[The data Boundary: Start]

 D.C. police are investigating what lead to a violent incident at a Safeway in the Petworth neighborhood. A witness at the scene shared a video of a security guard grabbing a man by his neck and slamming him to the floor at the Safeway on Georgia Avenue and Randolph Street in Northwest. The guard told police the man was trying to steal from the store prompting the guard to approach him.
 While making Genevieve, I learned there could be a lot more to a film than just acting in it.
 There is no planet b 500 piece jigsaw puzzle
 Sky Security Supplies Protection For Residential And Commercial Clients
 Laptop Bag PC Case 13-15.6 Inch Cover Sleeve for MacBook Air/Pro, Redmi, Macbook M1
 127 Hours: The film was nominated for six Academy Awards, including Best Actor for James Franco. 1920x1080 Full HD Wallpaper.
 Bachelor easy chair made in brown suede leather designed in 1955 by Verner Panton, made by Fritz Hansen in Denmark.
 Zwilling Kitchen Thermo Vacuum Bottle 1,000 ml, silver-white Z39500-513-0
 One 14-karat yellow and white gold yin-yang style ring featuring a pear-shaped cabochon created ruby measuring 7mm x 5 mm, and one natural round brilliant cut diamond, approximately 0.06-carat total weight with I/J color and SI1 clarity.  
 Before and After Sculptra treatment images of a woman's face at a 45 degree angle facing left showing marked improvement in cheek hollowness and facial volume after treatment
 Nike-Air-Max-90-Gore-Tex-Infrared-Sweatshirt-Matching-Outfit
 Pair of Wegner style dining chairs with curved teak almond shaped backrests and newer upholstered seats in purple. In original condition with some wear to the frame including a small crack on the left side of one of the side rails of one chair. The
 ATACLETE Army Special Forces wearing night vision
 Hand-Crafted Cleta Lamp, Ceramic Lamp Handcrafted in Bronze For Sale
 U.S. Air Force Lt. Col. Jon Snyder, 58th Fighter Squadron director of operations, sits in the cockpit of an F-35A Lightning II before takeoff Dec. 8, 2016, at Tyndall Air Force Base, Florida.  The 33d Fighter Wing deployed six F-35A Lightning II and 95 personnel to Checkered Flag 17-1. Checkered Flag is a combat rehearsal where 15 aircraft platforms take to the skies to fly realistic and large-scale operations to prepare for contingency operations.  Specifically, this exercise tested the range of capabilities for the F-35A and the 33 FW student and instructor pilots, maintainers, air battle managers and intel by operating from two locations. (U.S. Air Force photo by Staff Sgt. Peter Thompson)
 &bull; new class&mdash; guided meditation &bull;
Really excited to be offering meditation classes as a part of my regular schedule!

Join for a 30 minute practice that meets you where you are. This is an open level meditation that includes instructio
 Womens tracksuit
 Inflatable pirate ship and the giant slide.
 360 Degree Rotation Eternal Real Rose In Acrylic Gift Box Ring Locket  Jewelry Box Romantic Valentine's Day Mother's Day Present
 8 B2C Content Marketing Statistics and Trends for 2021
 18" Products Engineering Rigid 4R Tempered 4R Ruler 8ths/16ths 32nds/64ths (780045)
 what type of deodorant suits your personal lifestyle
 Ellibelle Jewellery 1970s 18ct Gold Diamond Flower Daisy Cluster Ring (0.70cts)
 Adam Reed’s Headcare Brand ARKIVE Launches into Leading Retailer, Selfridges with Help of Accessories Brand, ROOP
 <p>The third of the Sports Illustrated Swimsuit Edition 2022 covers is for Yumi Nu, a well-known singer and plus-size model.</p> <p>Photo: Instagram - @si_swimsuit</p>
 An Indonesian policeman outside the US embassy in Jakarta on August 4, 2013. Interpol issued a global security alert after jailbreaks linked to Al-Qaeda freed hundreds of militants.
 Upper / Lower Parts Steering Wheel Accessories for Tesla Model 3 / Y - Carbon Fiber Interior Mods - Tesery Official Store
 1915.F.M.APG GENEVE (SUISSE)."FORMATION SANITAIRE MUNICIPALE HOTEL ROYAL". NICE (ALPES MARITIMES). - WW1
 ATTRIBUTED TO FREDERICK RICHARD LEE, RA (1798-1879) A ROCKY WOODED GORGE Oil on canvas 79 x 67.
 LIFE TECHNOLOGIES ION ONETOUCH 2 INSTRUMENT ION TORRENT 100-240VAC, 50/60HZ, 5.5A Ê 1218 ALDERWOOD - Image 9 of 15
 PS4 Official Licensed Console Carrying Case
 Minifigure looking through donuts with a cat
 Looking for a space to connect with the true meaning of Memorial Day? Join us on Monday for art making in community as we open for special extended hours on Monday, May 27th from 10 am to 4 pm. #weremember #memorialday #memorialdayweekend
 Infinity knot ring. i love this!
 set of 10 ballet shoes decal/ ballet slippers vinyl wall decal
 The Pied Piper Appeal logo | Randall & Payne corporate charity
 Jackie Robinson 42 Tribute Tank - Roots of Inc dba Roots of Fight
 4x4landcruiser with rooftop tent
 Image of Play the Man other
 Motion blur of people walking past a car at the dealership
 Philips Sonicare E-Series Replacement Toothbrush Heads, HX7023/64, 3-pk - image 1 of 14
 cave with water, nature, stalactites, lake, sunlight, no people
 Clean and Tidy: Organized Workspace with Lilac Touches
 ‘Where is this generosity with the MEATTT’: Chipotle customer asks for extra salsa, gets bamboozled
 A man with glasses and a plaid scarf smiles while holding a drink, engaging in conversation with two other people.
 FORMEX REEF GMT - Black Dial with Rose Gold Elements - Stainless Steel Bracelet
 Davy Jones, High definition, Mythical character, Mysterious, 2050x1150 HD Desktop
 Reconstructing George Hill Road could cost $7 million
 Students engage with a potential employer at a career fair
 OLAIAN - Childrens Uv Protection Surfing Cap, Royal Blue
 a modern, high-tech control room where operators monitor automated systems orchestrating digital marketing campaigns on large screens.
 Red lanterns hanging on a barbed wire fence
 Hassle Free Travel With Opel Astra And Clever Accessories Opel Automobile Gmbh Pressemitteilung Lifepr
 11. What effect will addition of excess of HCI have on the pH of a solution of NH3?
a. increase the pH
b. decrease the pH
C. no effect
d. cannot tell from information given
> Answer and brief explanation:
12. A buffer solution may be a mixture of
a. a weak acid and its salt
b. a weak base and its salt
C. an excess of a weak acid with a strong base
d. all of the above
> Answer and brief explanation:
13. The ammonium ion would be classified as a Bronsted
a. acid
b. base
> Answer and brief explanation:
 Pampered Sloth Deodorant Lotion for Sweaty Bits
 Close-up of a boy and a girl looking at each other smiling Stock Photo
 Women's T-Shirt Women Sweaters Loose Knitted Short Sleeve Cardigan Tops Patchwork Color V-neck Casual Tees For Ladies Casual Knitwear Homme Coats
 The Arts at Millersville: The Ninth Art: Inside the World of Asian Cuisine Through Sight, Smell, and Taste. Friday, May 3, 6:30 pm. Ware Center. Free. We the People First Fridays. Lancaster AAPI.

[The data Boundary: End]

[Work to complete] From the records above, retype only the lines starting at the line that contains "Pampered Sloth Deodorant" and ending at the line that contains "Women's T-Shirt Women", both included.

[Reply]
 Pampered Sloth Deodorant Lotion for Sweaty Bits
 Close-up of a boy and a girl looking at each other smiling Stock Photo
 Women's T-Shirt Women Sweaters Loose Knitted Short Sleeve Cardigan Tops Patchwork Color V-neck Casual Tees For Ladies Casual Knitwear Homme Coats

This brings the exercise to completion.